問題描述
SVML 的 __m256d _mm256_log2_pd (__m256d a)
在 Intel 之外的其他編譯器上不可用,他們說它的性能在 AMD 處理器上有缺陷.AVX 中提到了互聯(lián)網(wǎng)上的一些實現(xiàn)g++-4.8 中缺少日志內(nèi)在函數(shù) (_mm256_log_ps)? 和 SIMD 數(shù)學(xué)SSE 和 AVX 的庫,但是它們似乎比 AVX2 更 SSE.還有 Agner Fog 的矢量庫 ,但它是一個大型圖書館,擁有更多的東西,只是矢量 log2,所以從它的實現(xiàn)來看,很難找出向量 log2 操作的基本部分.

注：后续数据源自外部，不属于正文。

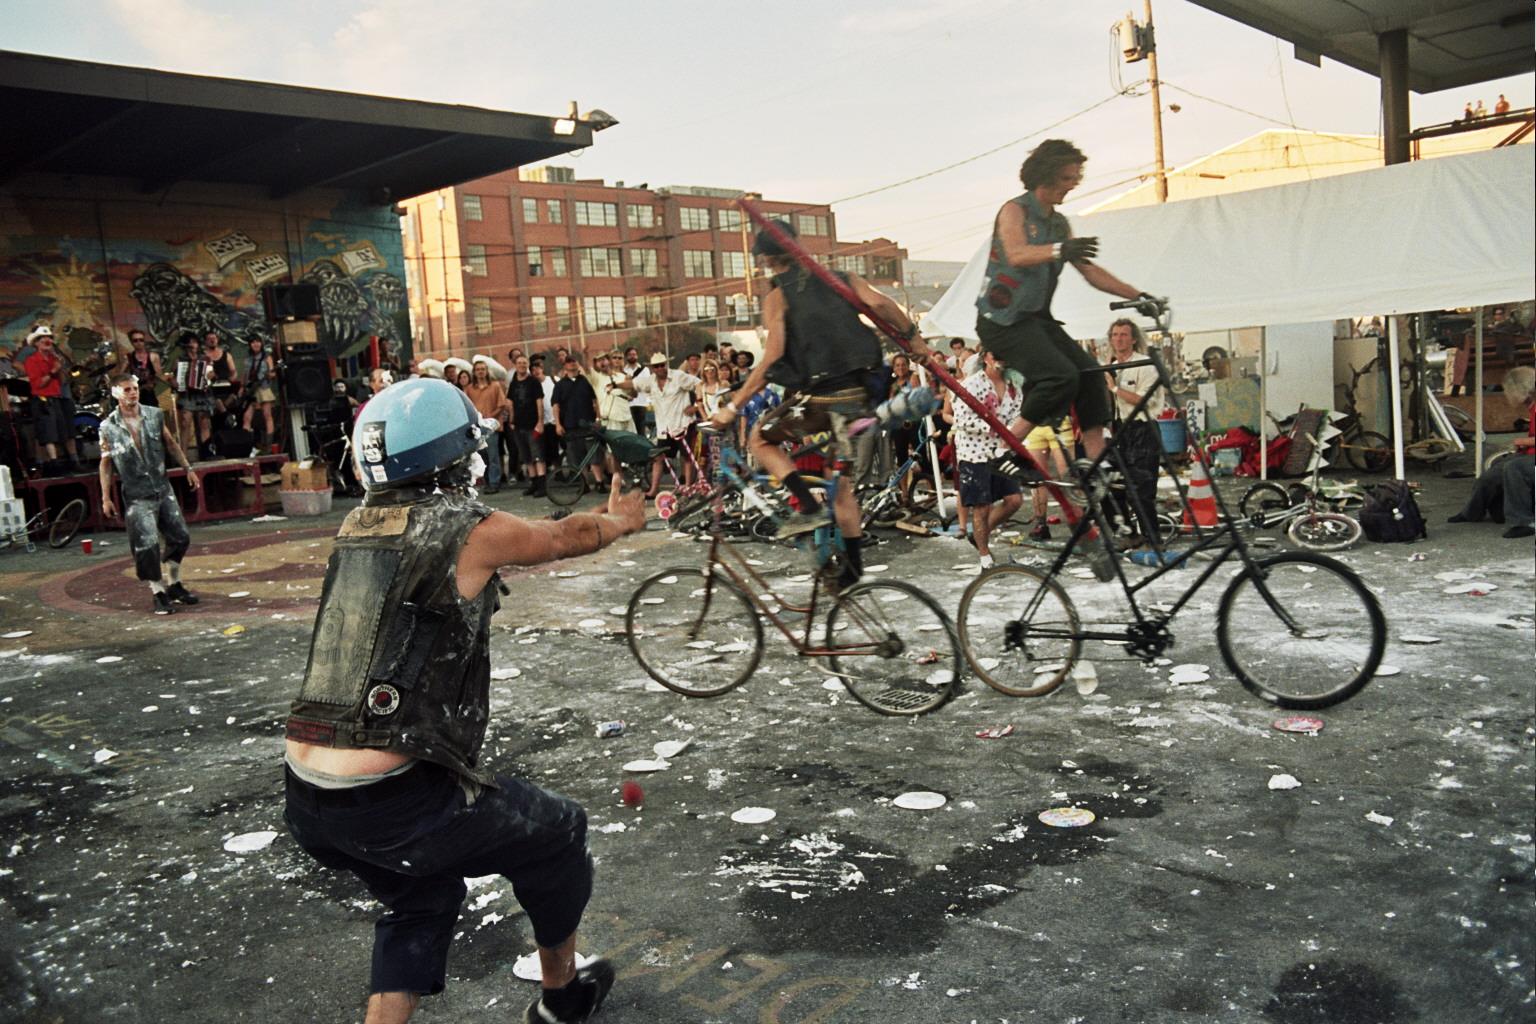 Tall Bike Jousting by Angela Scrivani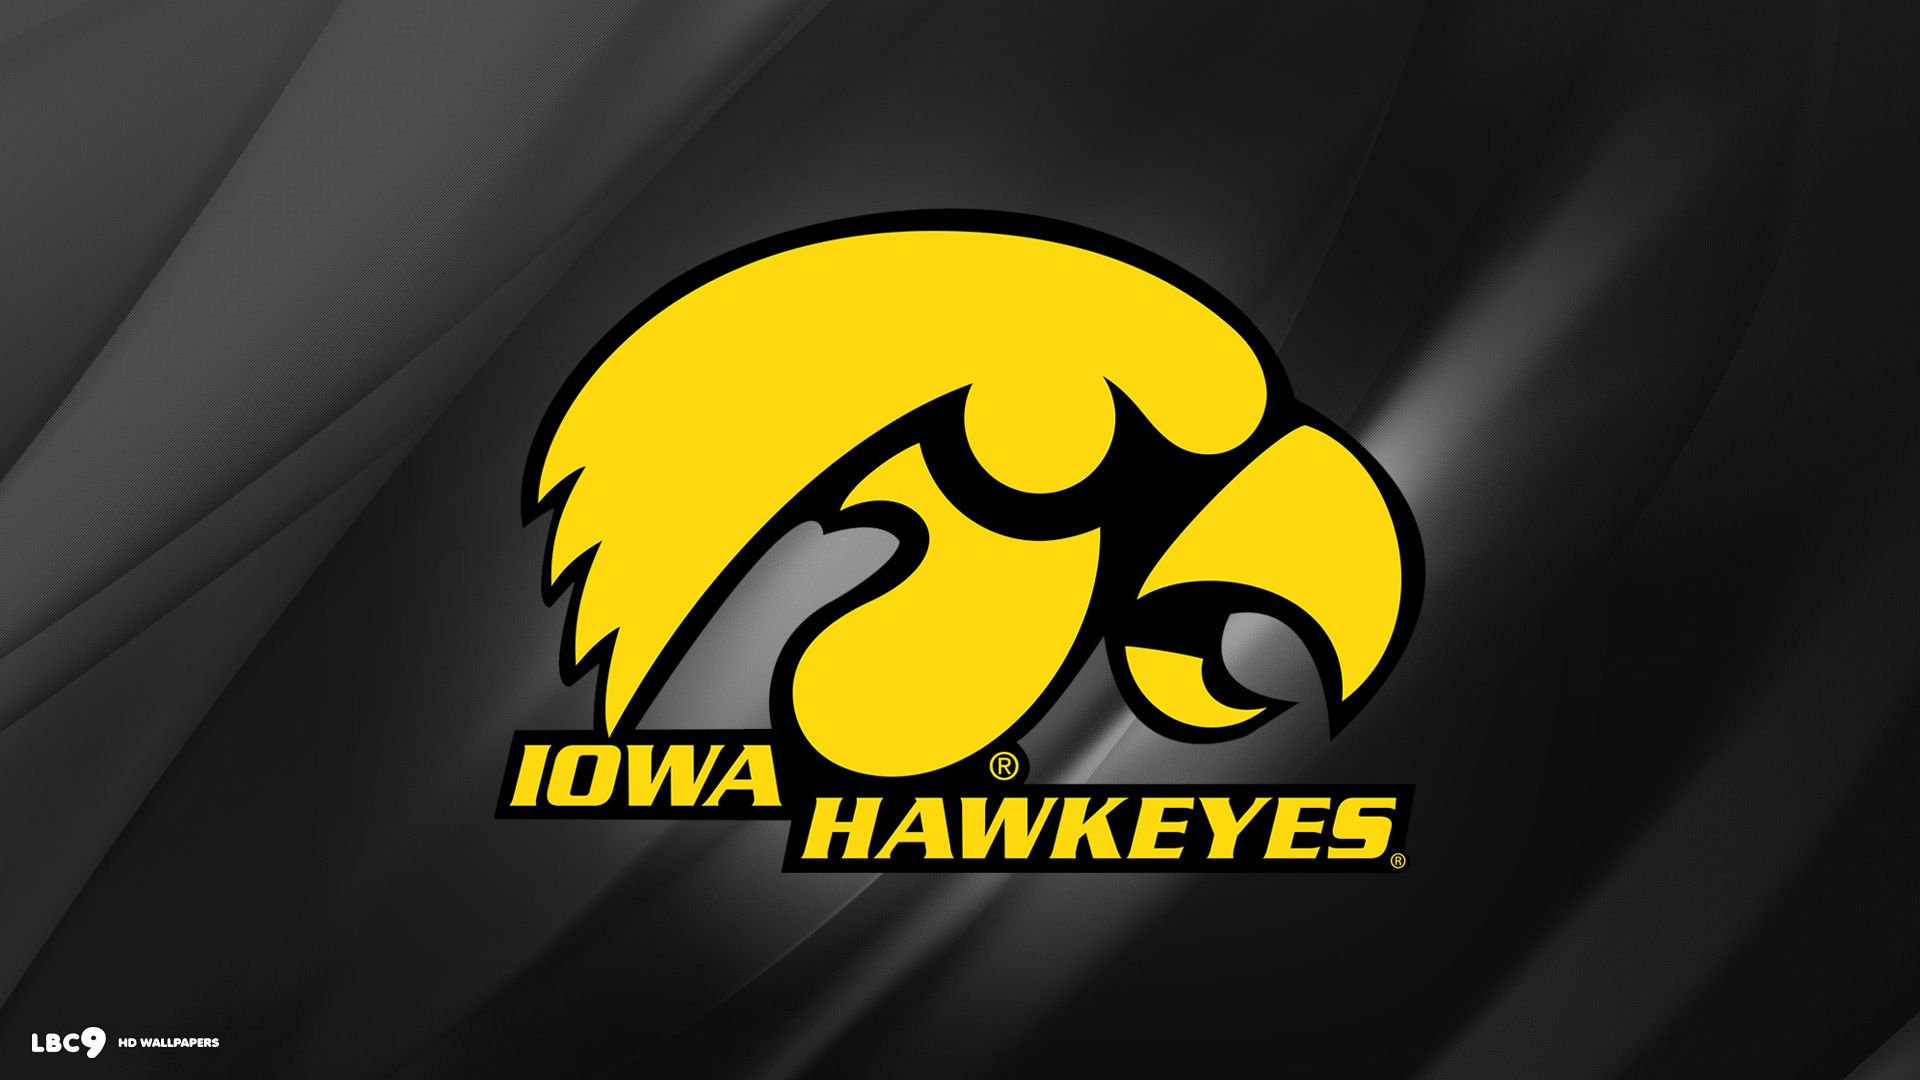 IOWA HAWKEYES college football wallpaper | 1920x1080 ...

那么有人能解釋一下如何有效地為 4 個 double
數(shù)字的向量實現(xiàn) log2()
操作嗎?IE.就像 __m256d _mm256_log2_pd (__m256d a)
所做的那樣,但可用于其他編譯器,并且對 AMD 和 Intel 處理器都相當(dāng)有效.
在我當(dāng)前的特定情況下,數(shù)字是 0 到 1 之間的概率,對數(shù)用于熵計算:P[i] 的所有
.i
的求和的否定*日志(P[i])P[i]
的浮點指數(shù)范圍很大,因此數(shù)字可能接近 0.我不確定準(zhǔn)確性,因此會考慮任何以 30 位尾數(shù)開頭的解決方案,尤其是可調(diào)整的解決方案是首選.
這是我到目前為止的實現(xiàn),基于來自 https:/的更高效系列"/en.wikipedia.org/wiki/Logarithm#Power_series .如何改進?(性能和準(zhǔn)確性都需要改進)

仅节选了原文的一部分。